Barreira et al. (2013) presented a study describing the use of internet search information to achieve an improved nowcasting ability with simple autoregressive models, using data from four countries on unemployment rate and car sales. The monthly unemployment data for Portugal, Spain, France and Italy were taken from the European Central Bank Statistical Data Warehouse website. They used seasonal adjusted data from January 2005 to August 2013. They used different search terms for each country, because a simple translation might not capture relevant searches in another country. For the Google Trends data there exists a measurement error. Requests for the same query will differ each day, because the sample will differ. Barreira et al. (2013) created an API that collects the data in a 14-day period, and calculates the average over these two weeks, similar to the method used by Carrière and Swallow (2013). For the Google Trends data on car sales, the top 20 car brands were used as keywords, representing more than 92% of the market share, again using the API to overcome the measurement error in daily differences. The two goals were to determine whether the use of the volume of search queries improved the ability of simple models to describe the behaviour of unemployment and car sales, and the ability to nowcast unemployment and car sales, in different periods. For the baseline model they used an ARMA(p,q) model. The extended model included the Google Trends data and some of its lagged values, if significantly different from zero. A Quandt Likelihood Ratio test, for structural breaks, was done for both the baseline model and the extended model. Whenever a structural break was found, all data was removed with 15% trimming at the beginning and end of a sample period, and the test was repeated. The results showed that Google Trends data led to the improvement of nowcasts in three out of the four considered countries, in the case of unemployment. For car sales they found that, in some cases, the volume of search queries

(7)

7

helps explaining the variance in car sales data, but found little support on improving predictions. They concluded that when Google Trends variables are significantly different from zero in-sample, they tend to lead to improvements in out-of-sample predictive ability.

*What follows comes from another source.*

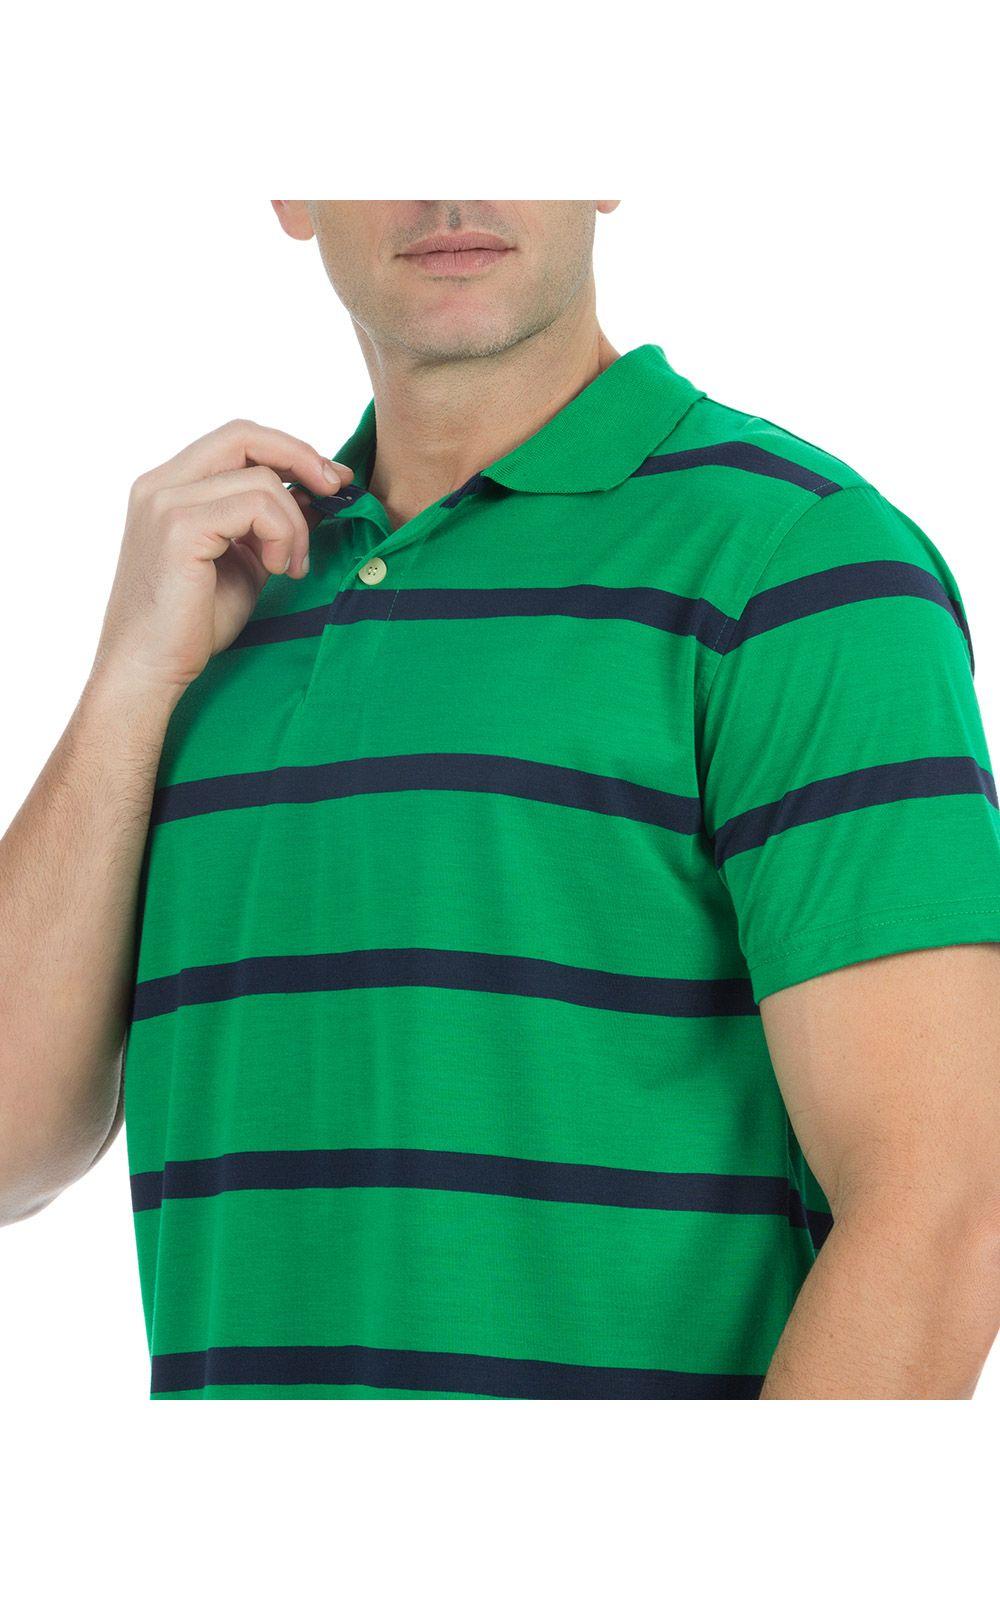 Foto 3 - Camisa Polo Masculina Verde Listrada

The study of Vosen & Schmidt (2011) introduced a new indicator for private consumption based on Google Trends search queries. Their goal was to determine the predictive power of the Google Trends data relative to the two most common survey-based indicators, namely the University of Michigan Consumer Sentiment Index and the Conference Board Consumer Confidence Index. They expected that Google Trends data could be useful in times of macroeconomic turbulences. This can be explained by the fact that data on private consumption for the US are published with a lag of one month, while Google Trends data is updated with high frequency. They were not able to adjust for seasonal effects, because 2 out of the 4 years of the used data stemmed from economic turbulent times. They therefore used year-on-year growth rates, in levels of monthly growth rates. For their baseline model they estimated consumption growth using a simple autoregressive model. Next, they add the MCSI, the CCI or the Google Factors to the baseline model to see if the predictive power improved. Following, they used an extended baseline model which also includes three

macroeconomic variables, namely real personal income, interest rates and stock prices. This model is again extended with the MCSI, the CCI and the Google Factors, to check for an improvement in predictive power. The in-sample tests were done for the period from January 2005 to September 2009, while the out-of-sample tests were done over sub-periods, from January 2005 to December 2007 and from January 2008 to September 2009. Their results showed that in almost all conducted in-sample and out-of-sample forecasting experiments the Google indicator outperformed the survey-based indicators. Although Vosen & Schmidt only had 4 years of data, their study demonstrated the enormous potential that Google Trends data already offer today to forecasters of consumer

spending.

So far not much research has been done on the usefulness of Google Trends data for the real estate market. Brynjolfsson & Wu (2009) demonstrated how data on internet queries can be used to make reliable predictions about both prices and quantities, months before they actually change in the market place. They decided to focus on the real estate market to demonstrate how online search can be used to reveal present economic activities and predict future economic trends. This became an important topic for economists, politicians and investors because of the recent real estate bubble that caused the economic crisis. Economists, politicians and investors all try to assess the current real estate market and predict its recovery as accurate as possible. Assessing the current economic conditions can be more difficult because government data have been made available with a lag of months or more. Brynjolfsson & Wu (2009) used the category “Real Estate” and the sub-category

(8)

8

“Real Estate Agencies” for their Google Trends data from 2004 to 2009. A house price index on a quarterly basis since 1975 was used, which was obtained from the Office of Federal Housing Enterprise Oversight. Using a simple seasonal autoregressive model, they tried to estimate the relation between the search index and real estate market indicators. Firstly they estimated the baseline model, then added the search index to see if it can predict sales volume and price index for the real estate market, followed by adding a lagged search index to test if it has any predictive power to forecast economic trends. They fail to detect any statistically significant relationship between the present search index and real estate sales. However the three month lagged “Real Estate Agencies” category positively correlated with real estate sales. Interestingly, both current and past search index were positively correlated with the contemporaneous house price index. Brynjolfsson & Wu (2009) concluded that Google Trends search terms do correlate with real estate sales and the house price index, lending credibility to the hypothesis that web search can be used to predict future economic activities.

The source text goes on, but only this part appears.